News

Residents awaiting safe cladding hit by energy bills double whammy

The communal heating system at New River House is not covered by Ofgem’s price cap on domestic energy, reports Simon Allin, Local Democracy Reporter

New River House in Southbury Road, Enfield Town
New River House in Southbury Road, Enfield Town

Residents in Enfield Town already hit by cladding safety issues have now been stung by huge hikes to their energy bills – because their heating system falls outside the government price cap.

Leaseholders at the New River House development – a group of three blocks of flats in Southbury Road built in 2013/14 – say they have been paying an average of around £200 per month extra on their bills because they are supplied by a communal heating system that is not covered by Ofgem’s price cap on domestic energy.

The residents’ management company (RMC) that has to buy the gas for the development is classed as a business rather than a domestic customer – and because it has no assets it fails credit checks, meaning many energy providers are unwilling to offer it a contract.

It comes as residents continue to wait for external cladding to be replaced, after it was deemed a safety risk following the Grenfell Tower fire.

Gill Cole, who owns a leasehold flat at New River House, said leaseholders had been paying an average of around £200 extra per flat since November after being moved to a new contract with energy firm Pozitive Energy.

With the bills not based on individual households’ usage, Gill said that even if residents kept their heating off they would still have to pay the extra £200 per month. In her case, the extra amount comes on top of an annual service charge of just over £2,000.

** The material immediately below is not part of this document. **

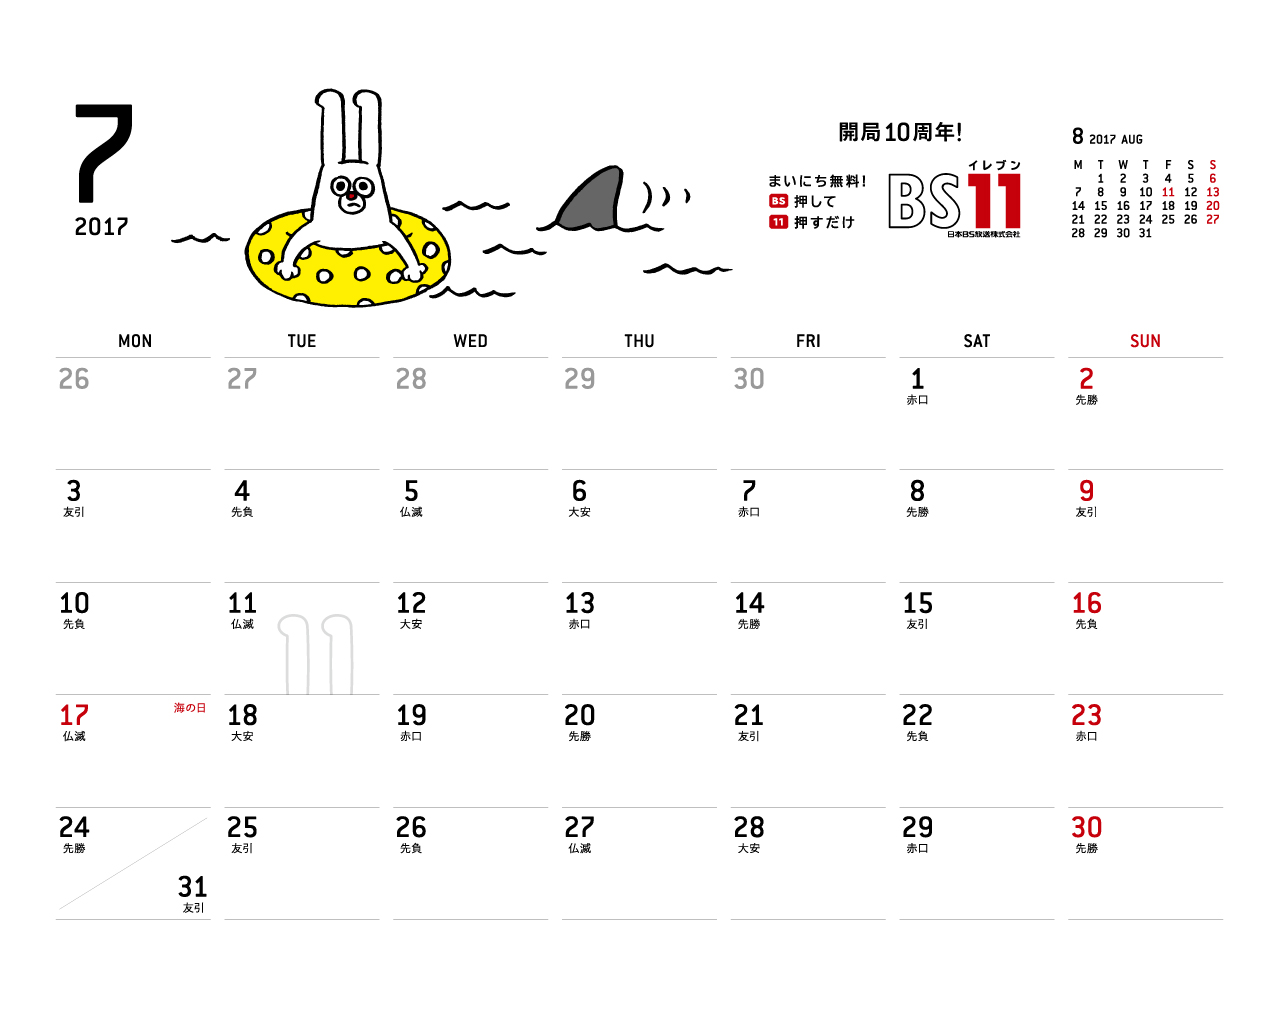 じゅういっちゃんのデジタルカレンダー17年07月 Bs11 イレブン いつでも無料放送

“People are completely trapped,” Gill said, adding that some are “desperate”. “No-one really wants to pay that kind of money,” she said.

Gill said recent negotiations to extend the contract with Pozitive Energy from one year to at least two years meant the extra energy charge was set to drop to below £100 per month from April – but residents are keen to claw back some of the money they have already paid.

Alexandra Manu, who lives in New River House, said she was considering renting out her spare room to cover the extra energy costs, which come on top of payments of around £2,500 per year for service charges and £1,500 per year for cladding insurance.

Adding that the price hikes had left her with little remaining disposable income, she said the situation for some residents “is just not sustainable at all”.

Raj Lal, another resident, said there were around 200 leaseholders living in the development and those occupying larger flats had to pay more because the charges were calculated per square metre rather than being based on usage.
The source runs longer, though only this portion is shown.